A -210 B - 252 C - 280 D -300 E-420

Please suggest the method to solve such problems.

Maximum number of soap boxes that can be placed in each carton = Volume of each carton/ volume of each box = (25*42*60)/(7*6*5)= 300(option D)

A grocer is storing soap boxes in cartons that measure 25 inches by 42 inches by 60 inches. If the measurement of each soap box is 7 inches by 6 inches by 5 inches, then what is the maximum number of soap boxes that can be placed in each carton?

A -210 B - 252 C - 280 D -300 E-420

Area of the box = \(25*42*60=63000\) Area of one soap = \(7*6*5=210\) Tot number = \(\frac{63000}{210}=300\)

You have to calculate the area of the box, then divide it by the area of one soap, and you ll find the number of soaps that will fit into the box D

Thanks Zarrolou for quick reply.

I am getting confused between volume approach as done by you and my thought process:

Think about lining up the dimensions of the small boxes along the dimensions of the carton so that you can fill the carton with no wasted space.
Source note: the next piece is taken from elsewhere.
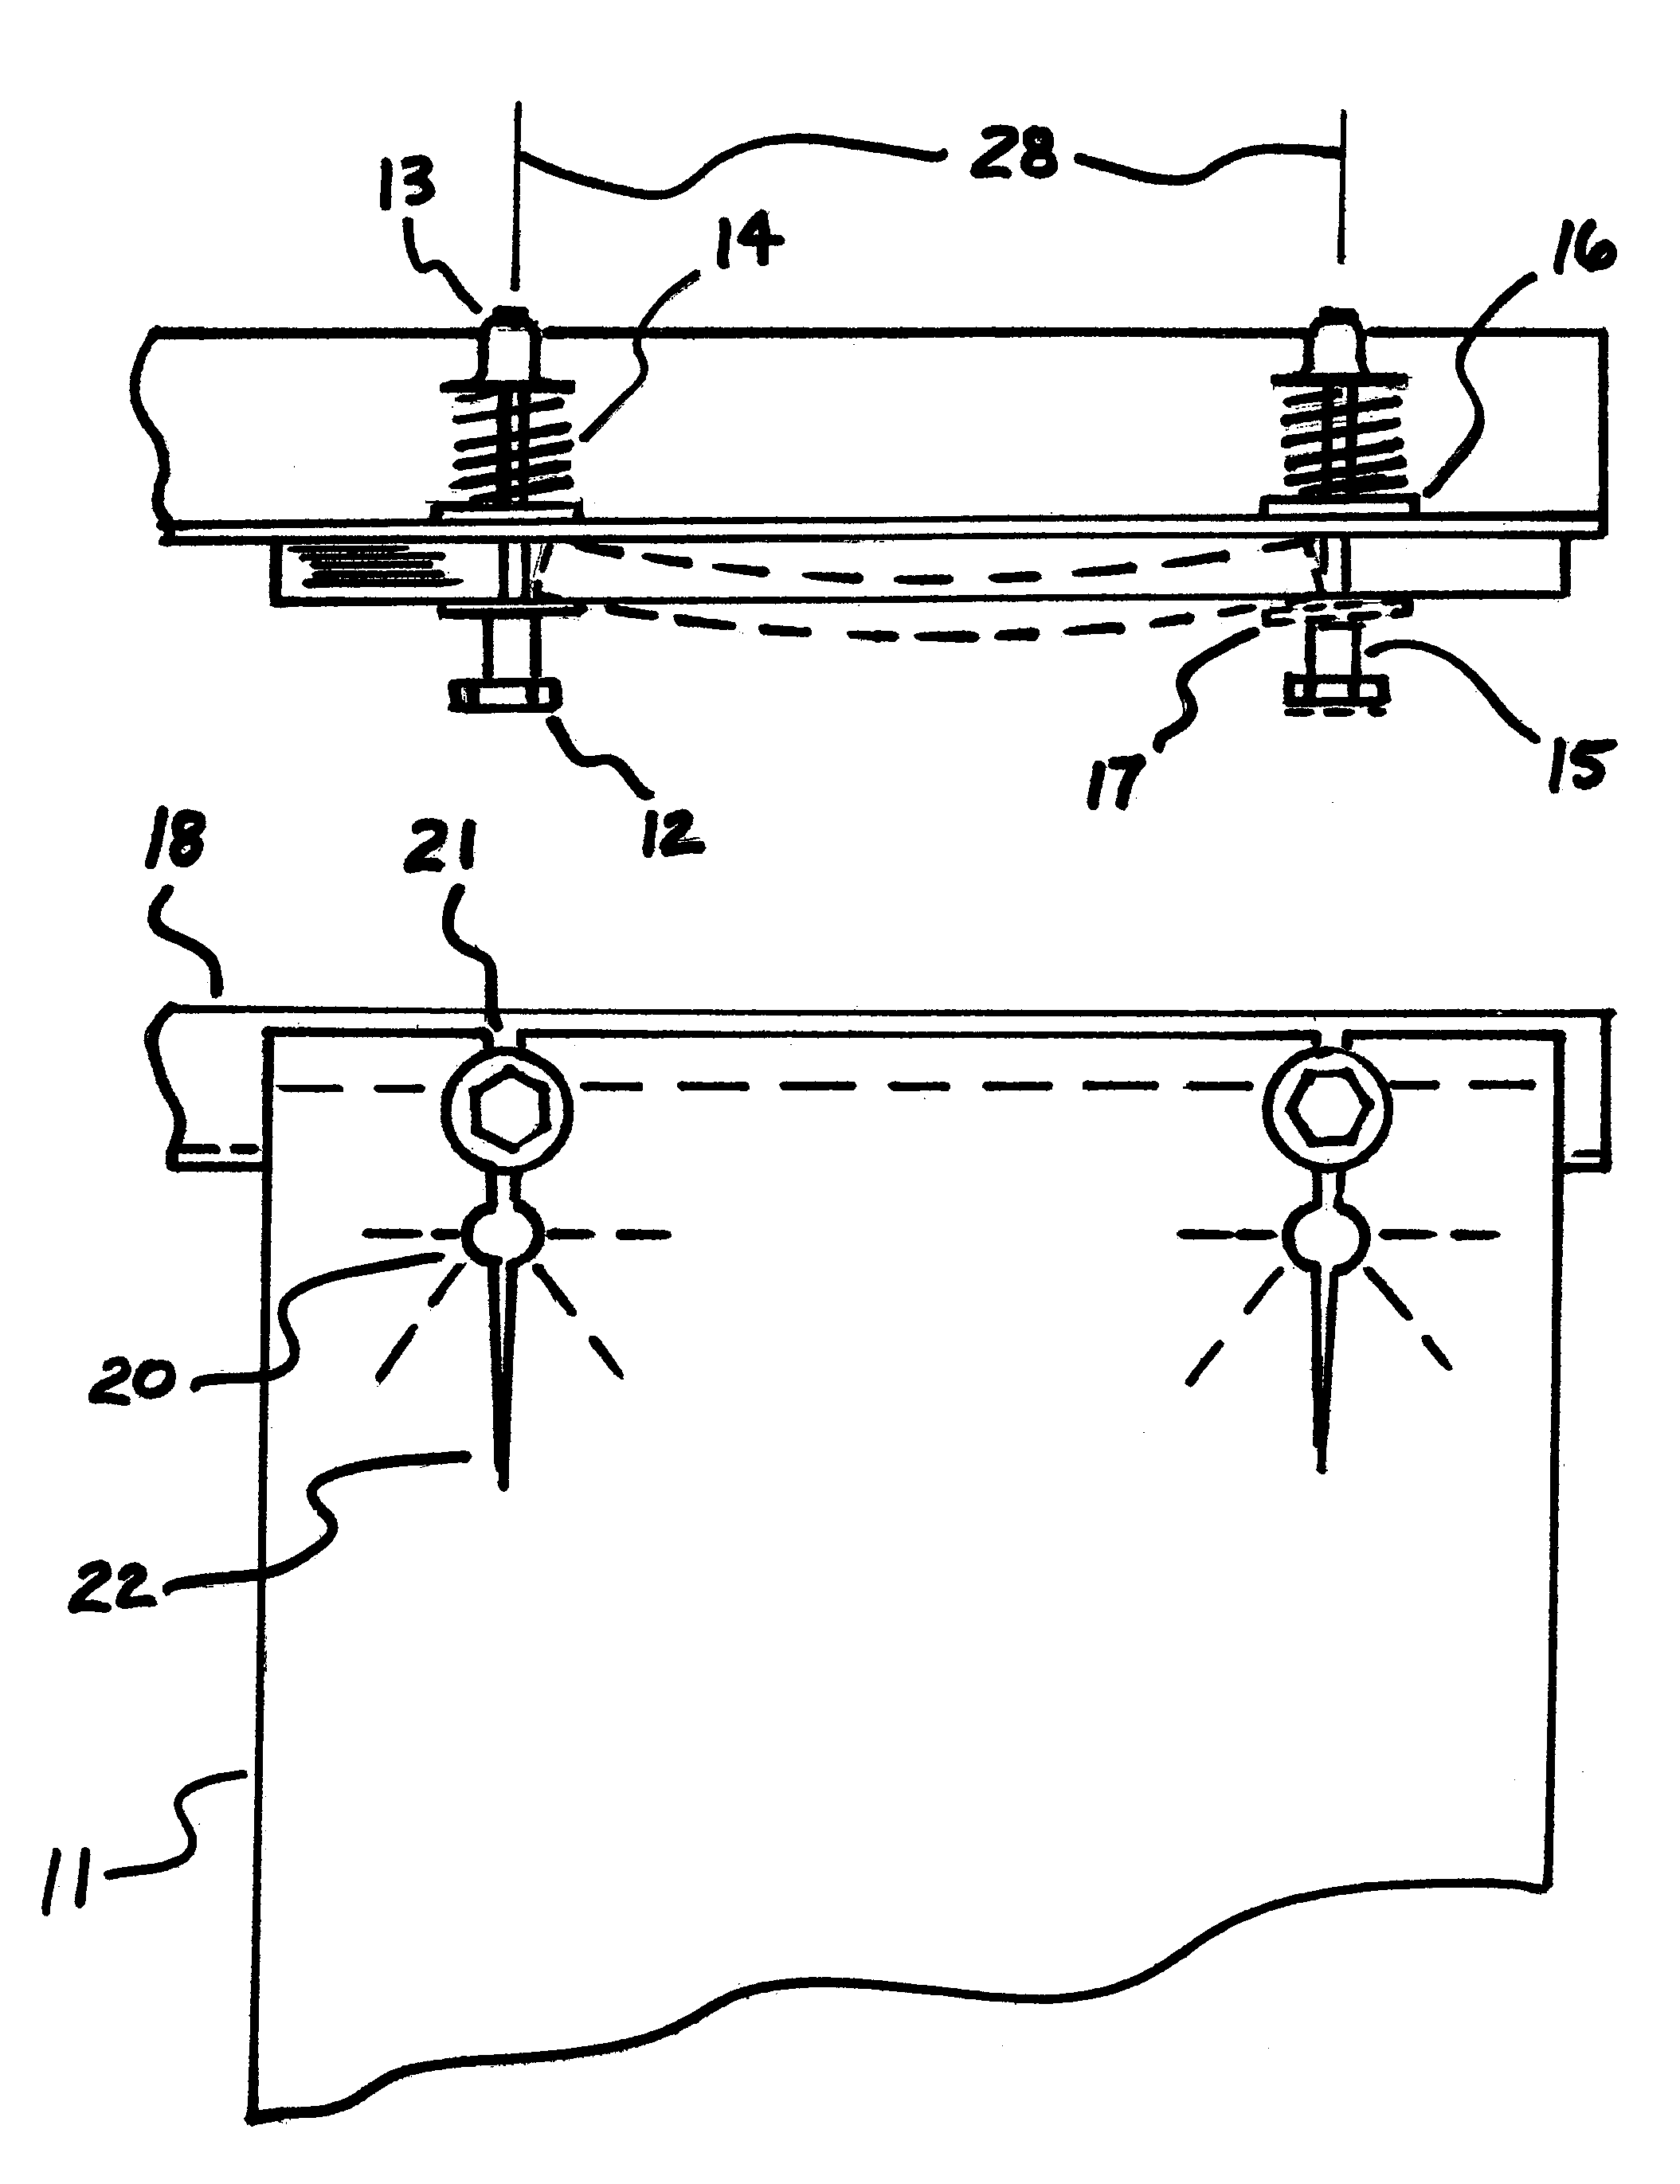 Mud flap mounting system and method for use thereof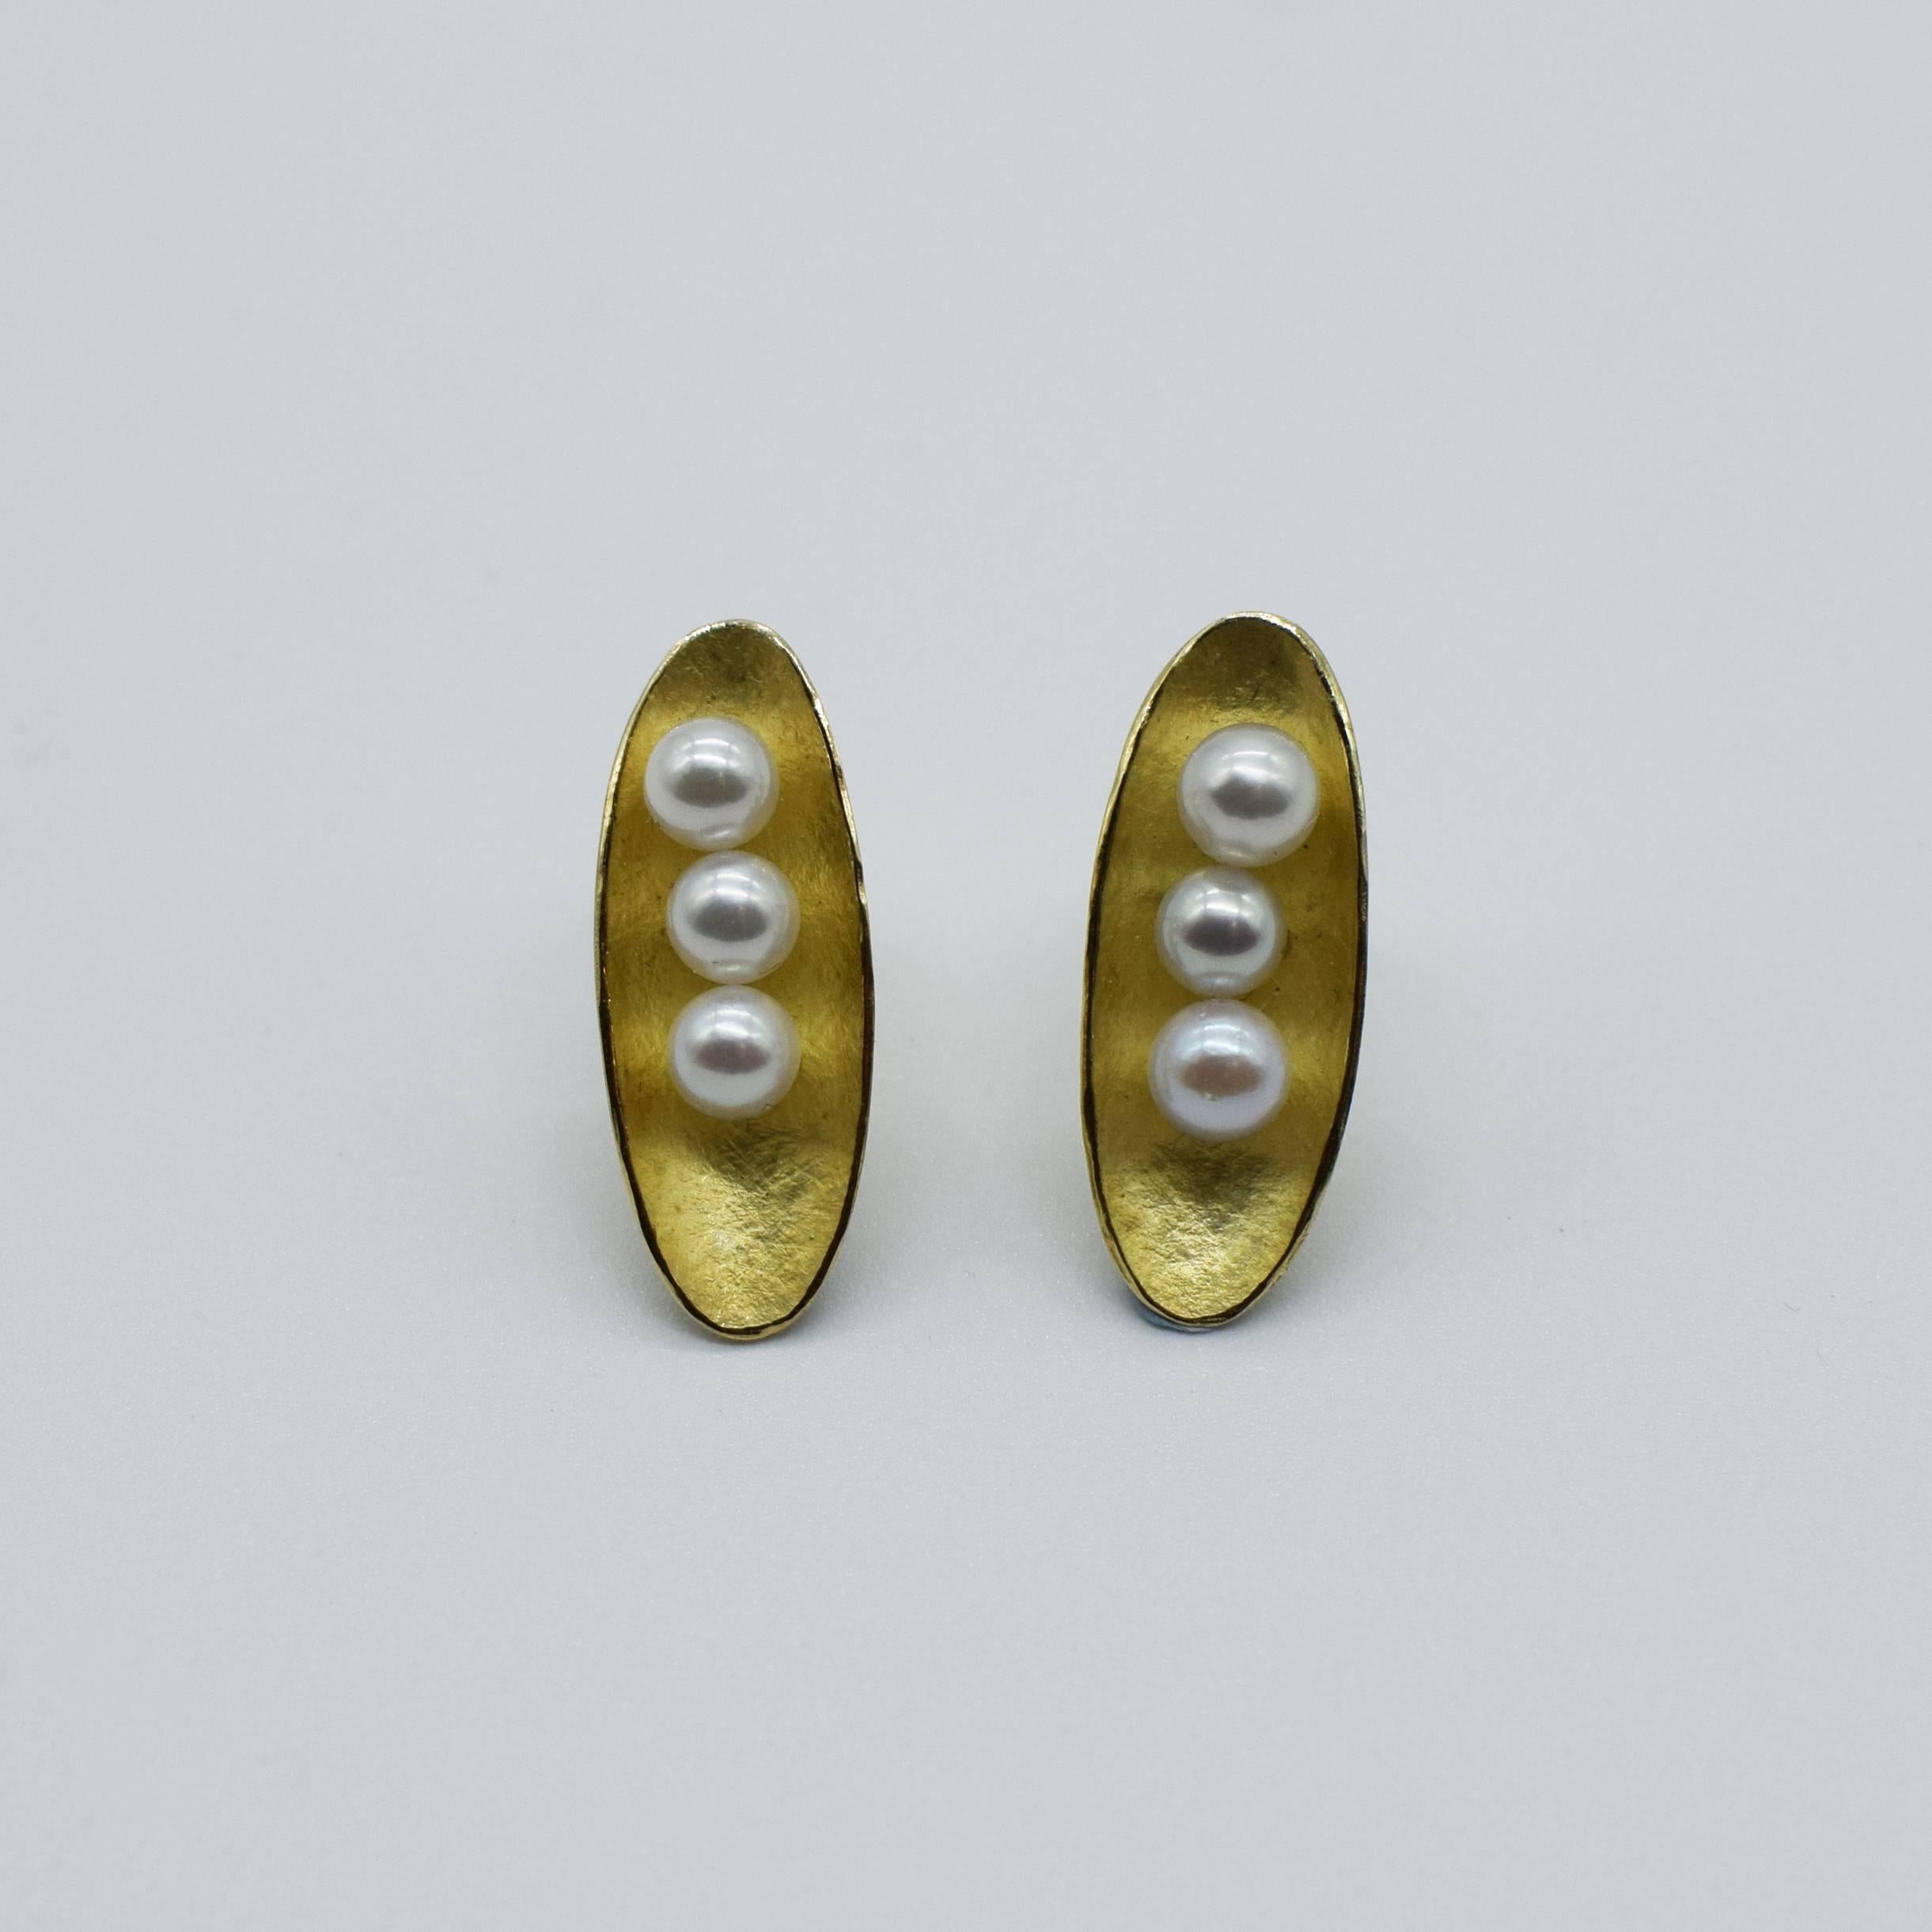 This 18ct gold and Akoya pearl earrings are all hand crafted.  Akoya pearls are cultured in Japan and they have a high luster. The earring have a delicate texture of gold that gives a soft warm feel to the piece, with only the polished edges

Since one edge of the small box is 7 inches, that edge of the small boxes should be placed along the side of the carton that is 42 inches long, since 42 is the only dimension that can be divided by 7 evenly. Thus you can put six small boxes along that side, but if you do that 6*6 soap boxes will have width 36 which would be greater than 25 & will exceed the carton width. so how can we just divide the volume of the carton & the soap's volume.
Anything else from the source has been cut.